■ Action item ■
Go through the data below and repeat it exactly, skipping each picture.

■ Information provided ■
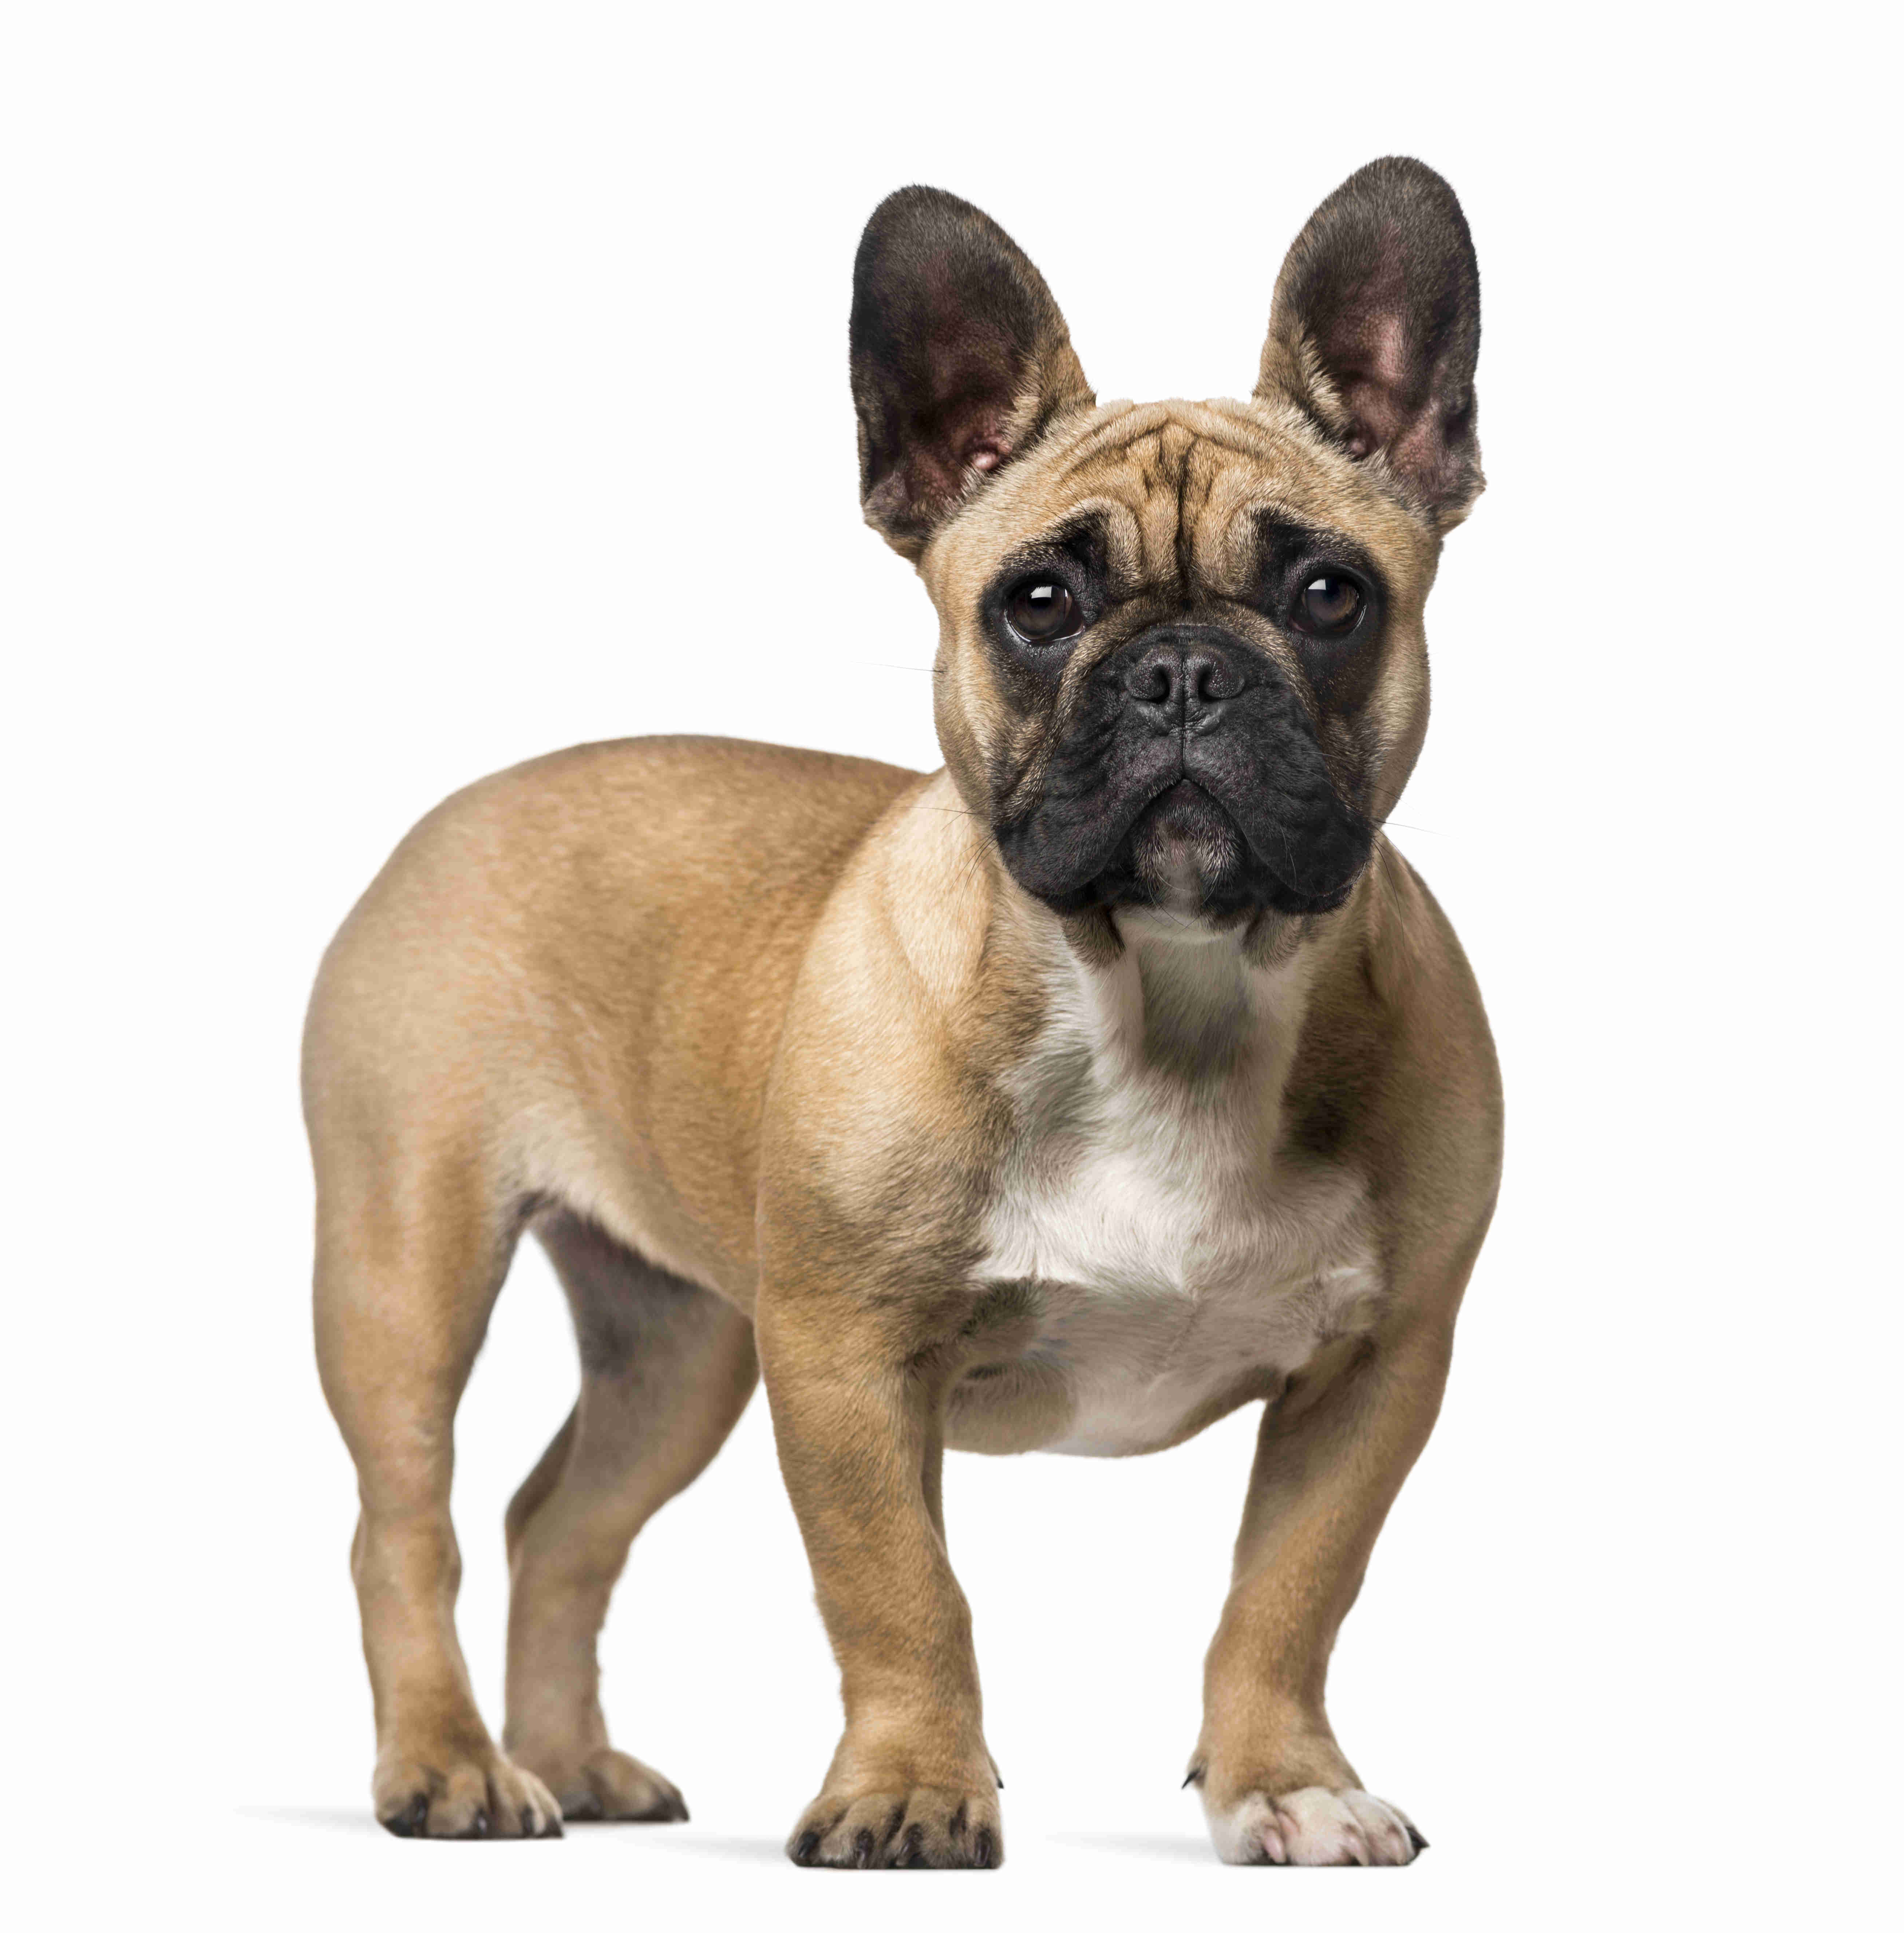 Training Tips: How to Teach Your French Bulldog Puppy to Stay Calm During Car Rides
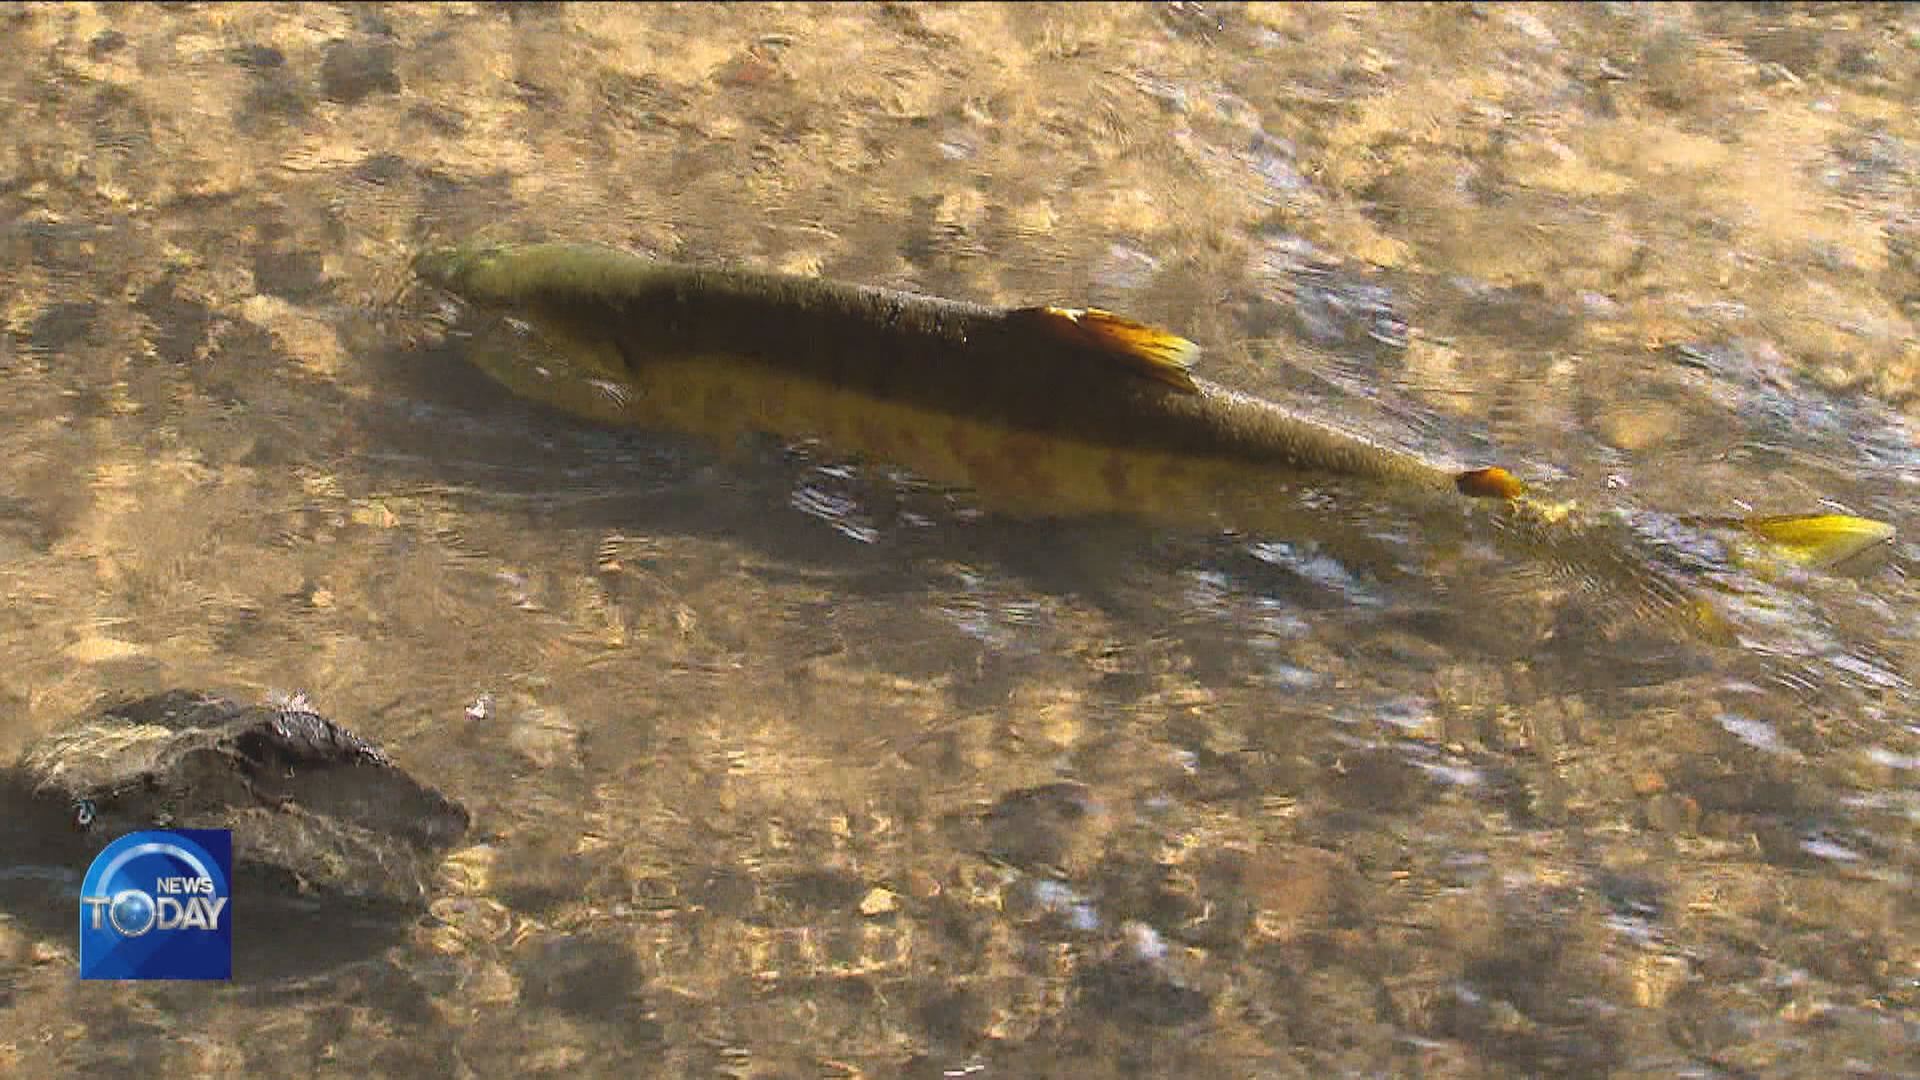 SALMON SPOTTED IN SOUTHERN CITIES
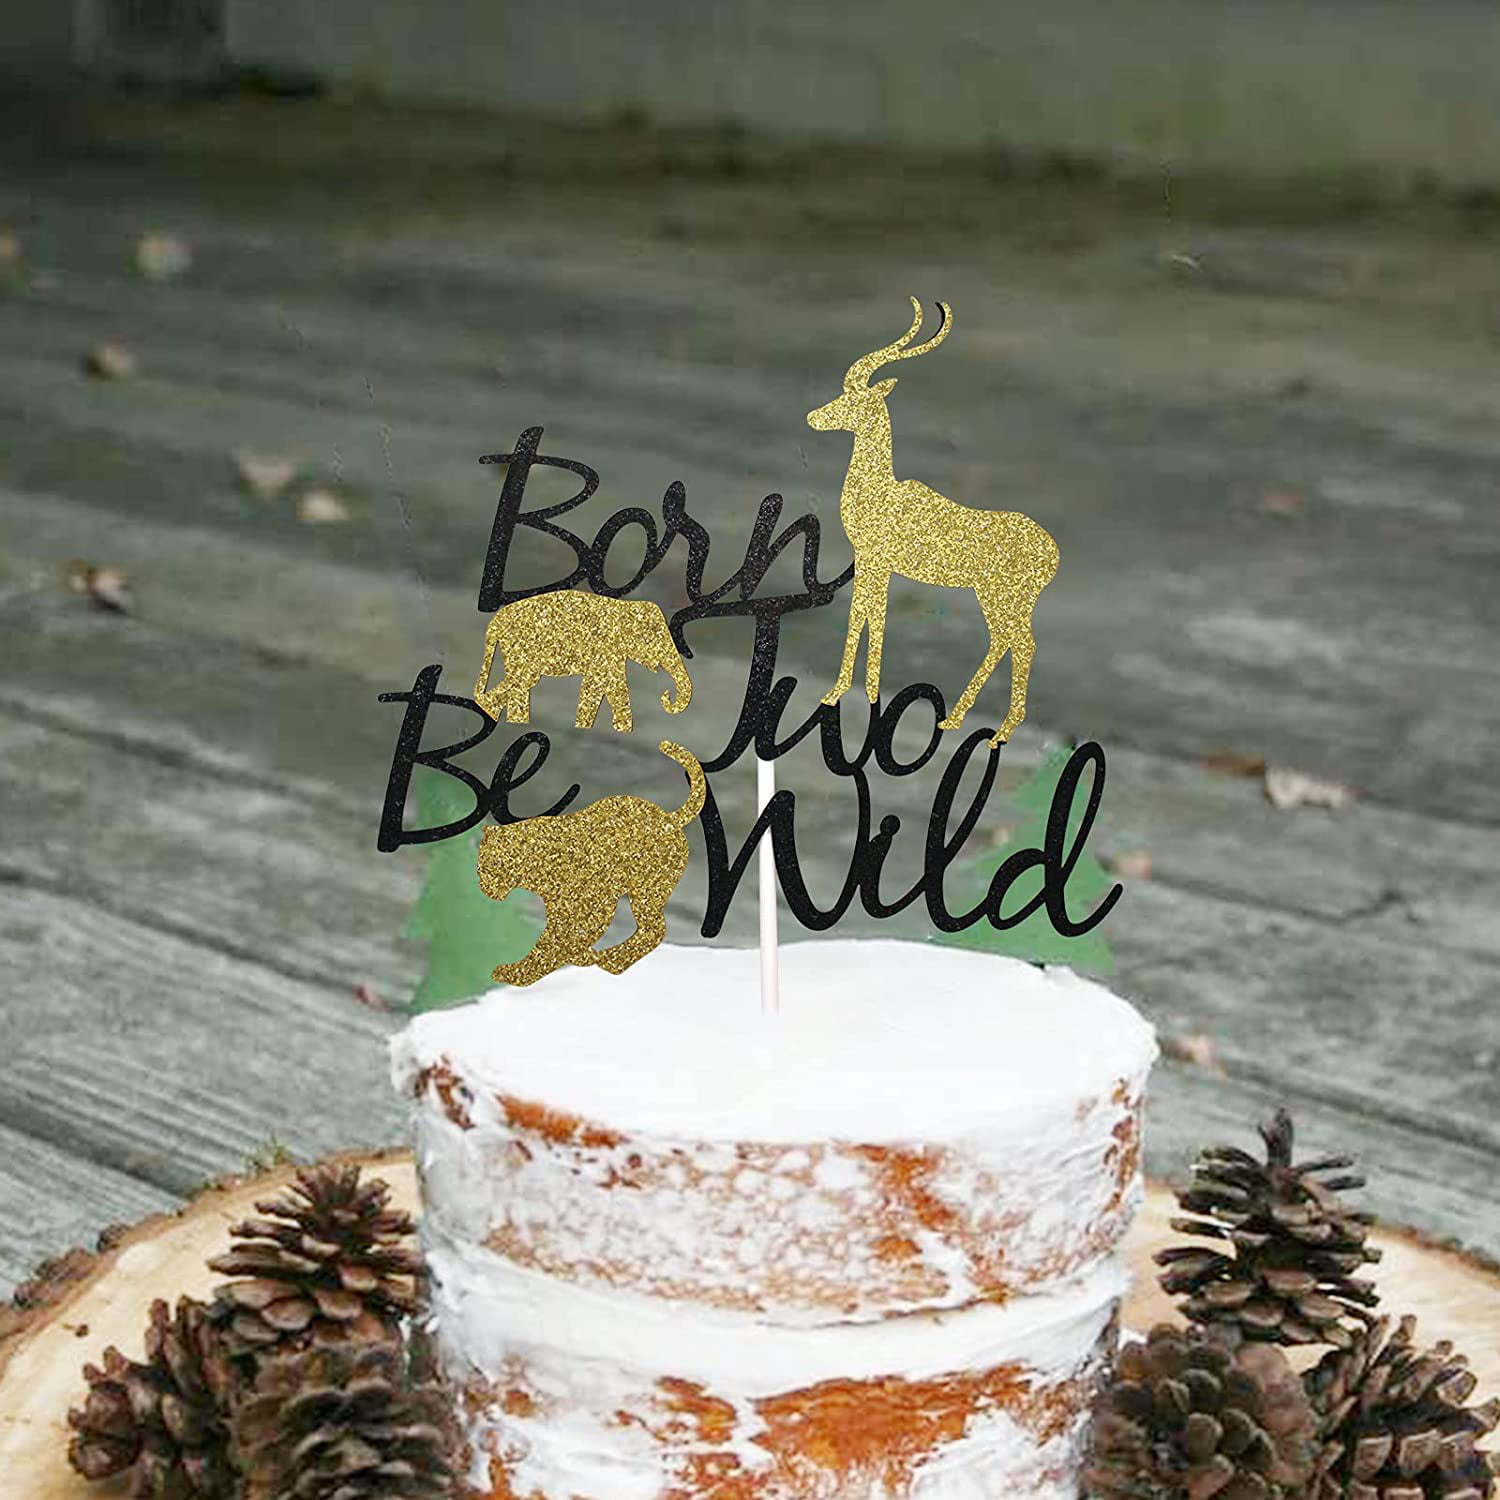 Gold Glitter Twins Cake Decor Born Two Be Wild Cake Topper Twins Baby Shower Supplies Safari Woodland Themed Twins 1st Birthday Party Decorations

■ Output for this task ■
 Training Tips: How to Teach Your French Bulldog Puppy to Stay Calm During Car Rides
 SALMON SPOTTED IN SOUTHERN CITIES
 Gold Glitter Twins Cake Decor Born Two Be Wild Cake Topper Twins Baby Shower Supplies Safari Woodland Themed Twins 1st Birthday Party Decorations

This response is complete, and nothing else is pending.